Quality and Agreement With Scientific Consensus of ChatGPT Information Regarding Corneal Transplantation and Fuchs Dystrophy

Kayson S Barclay; Jane Y You; Michael J Coleman; Priya M Mathews; Vincent L Ray; Kamran M Riaz; Joaquin O De Rojas; Aaron S Wang; Shelly H Watson; Ellen H Koo; Allen O Eghrari

doi:10.1097/ICO.0000000000003439

Quality and Agreement With Scientific Consensus of ChatGPT Information Regarding Corneal Transplantation and Fuchs Dystrophy

Cornea. 2023 Nov 28. doi: 10.1097/ICO.0000000000003439. Online ahead of print.

Authors

Affiliations

¹ Morgan State University, Baltimore, MD.
² Harvard Medical School, Boston, MA.
³ Cataract and Laser Institute, Mishawaka, IN.
⁴ Center for Sight, Sarasota, FL.
⁵ Fremont Eye Care Physicians, Fremont, CA.
⁶ Dean McGee Eye Institute, Oklahoma City, OK.
⁷ Glaucoma Cataract Consultants, Pittsburgh, PA.
⁸ Northern Virginia Ophthalmology Associates, Falls Church, VA.
⁹ Bascom Palmer Eye Institute, Miami, FL; and.
¹⁰ Wilmer Eye Institute at Johns Hopkins, Baltimore, MD.

PMID: 38016014
DOI: 10.1097/ICO.0000000000003439

Abstract

Purpose: ChatGPT is a commonly used source of information by patients and clinicians. However, it can be prone to error and requires validation. We sought to assess the quality and accuracy of information regarding corneal transplantation and Fuchs dystrophy from 2 iterations of ChatGPT, and whether its answers improve over time.

Methods: A total of 10 corneal specialists collaborated to assess responses of the algorithm to 10 commonly asked questions related to endothelial keratoplasty and Fuchs dystrophy. These questions were asked from both ChatGPT-3.5 and its newer generation, GPT-4. Assessments tested quality, safety, accuracy, and bias of information. Chi-squared, Fisher exact tests, and regression analyses were conducted.

Results: We analyzed 180 valid responses. On a 1 (A+) to 5 (F) scale, the average score given by all specialists across questions was 2.5 for ChatGPT-3.5 and 1.4 for GPT-4, a significant improvement (P < 0.0001). Most responses by both ChatGPT-3.5 (61%) and GPT-4 (89%) used correct facts, a proportion that significantly improved across iterations (P < 0.00001). Approximately a third (35%) of responses from ChatGPT-3.5 were considered against the scientific consensus, a notable rate of error that decreased to only 5% of answers from GPT-4 (P < 0.00001).

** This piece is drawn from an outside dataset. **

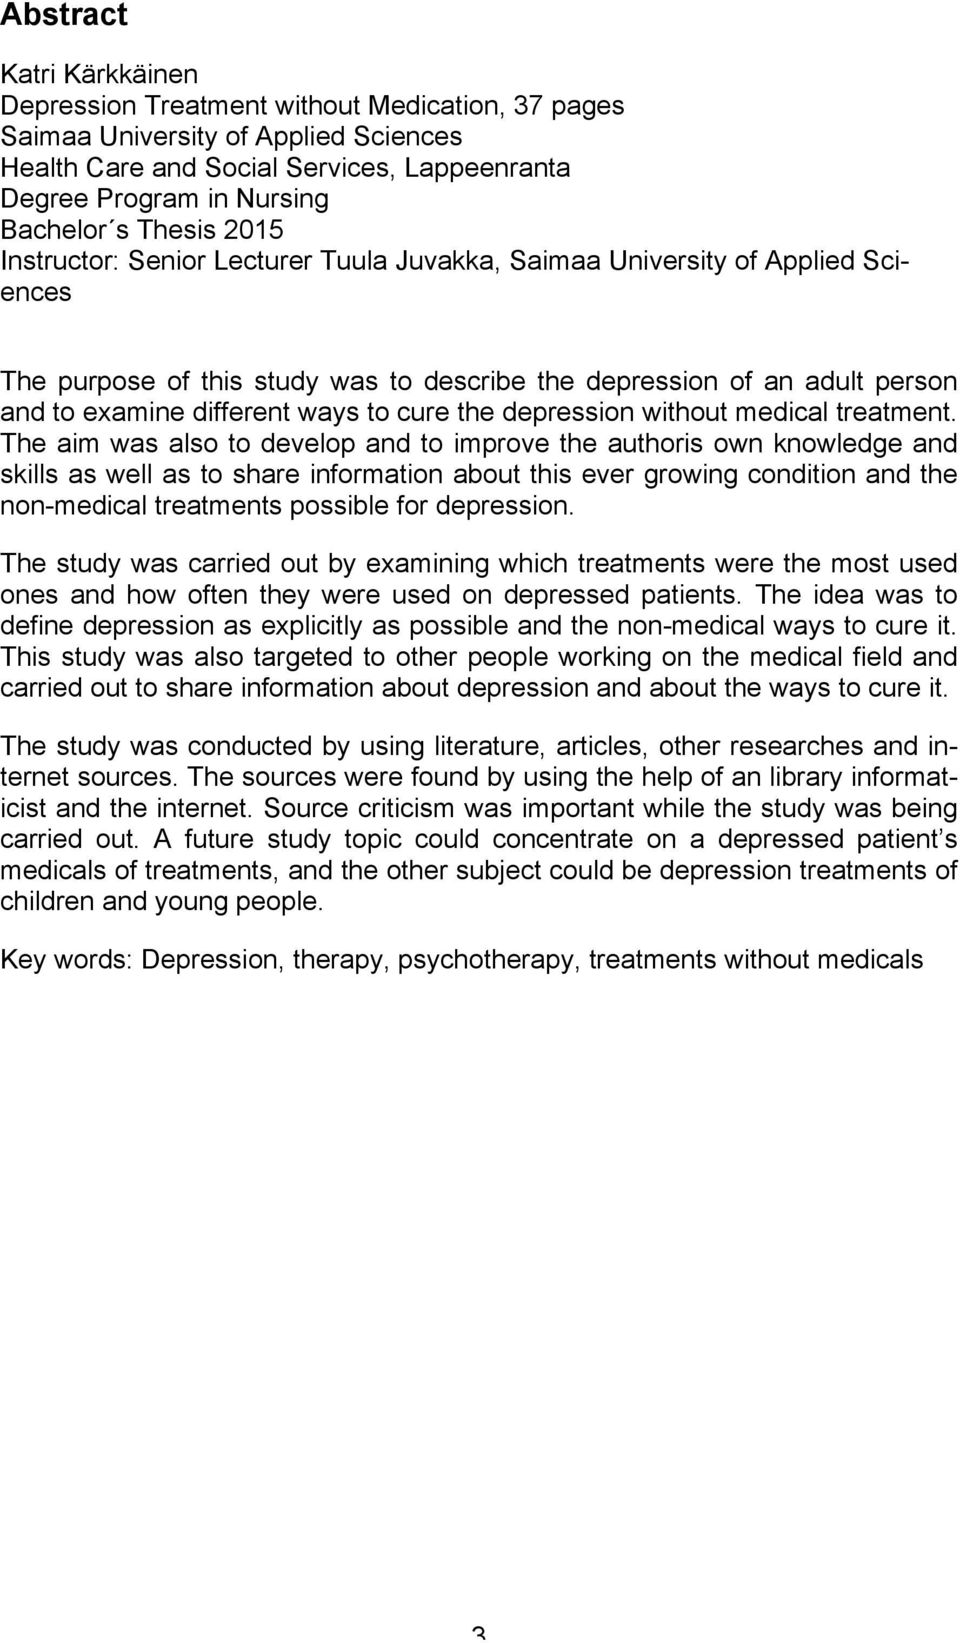 to cure the depression without medical treatment.
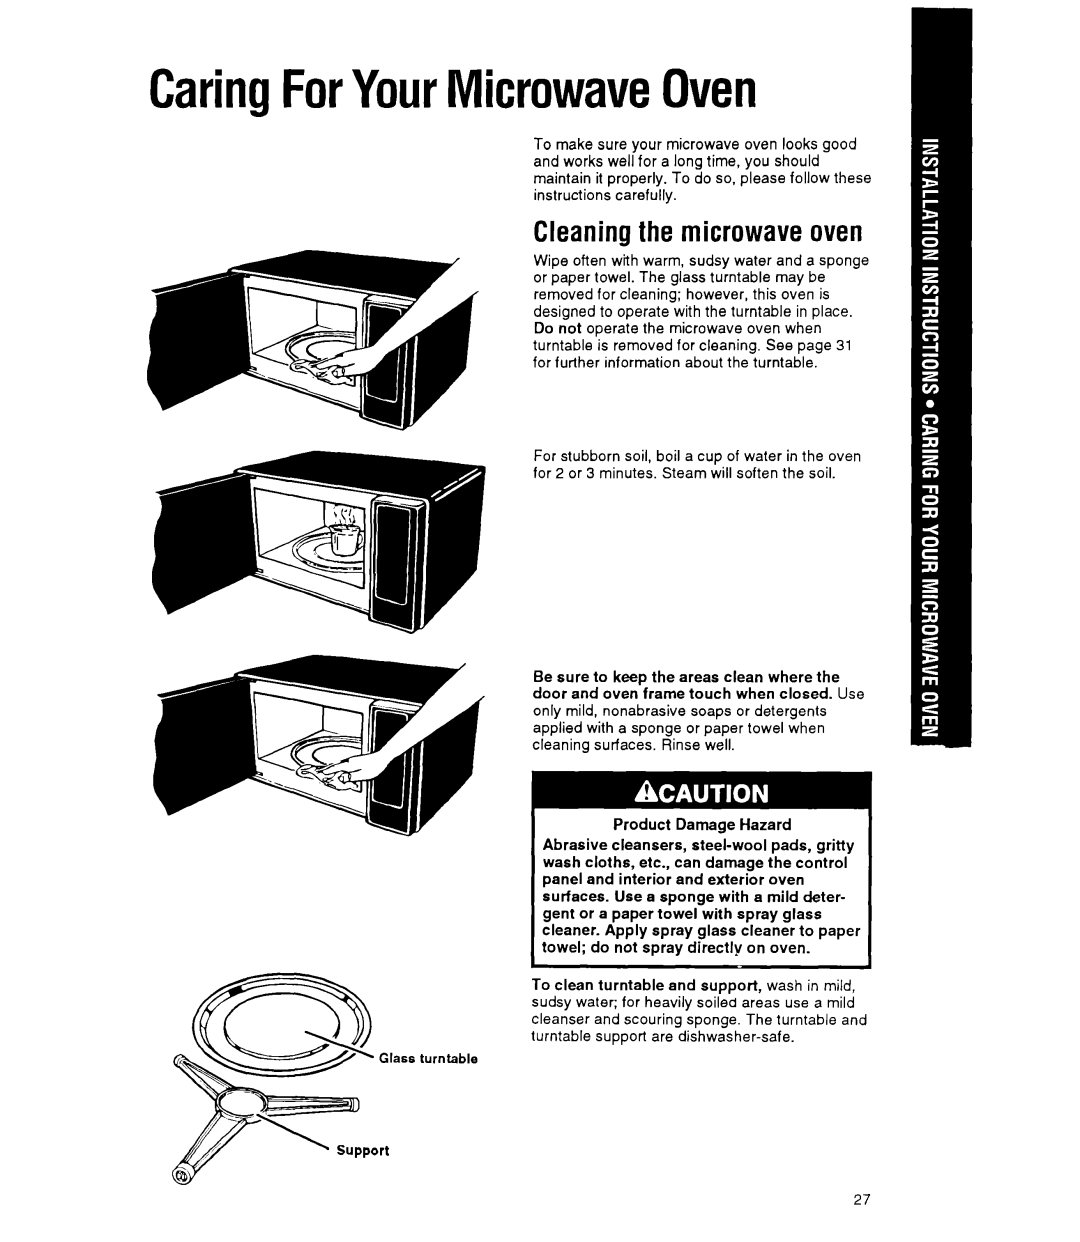 Whirlpool MT9160XY manual CaringForYourMicrowaveOven, Cleaning the microwave oven

Conclusions: The quality of responses in ChatGPT significantly improved between versions 3.5 and 4, and the odds of providing information against the scientific consensus decreased. However, the technology is still capable of producing inaccurate statements. Corneal specialists are uniquely positioned to assist users to discern the veracity and application of such information.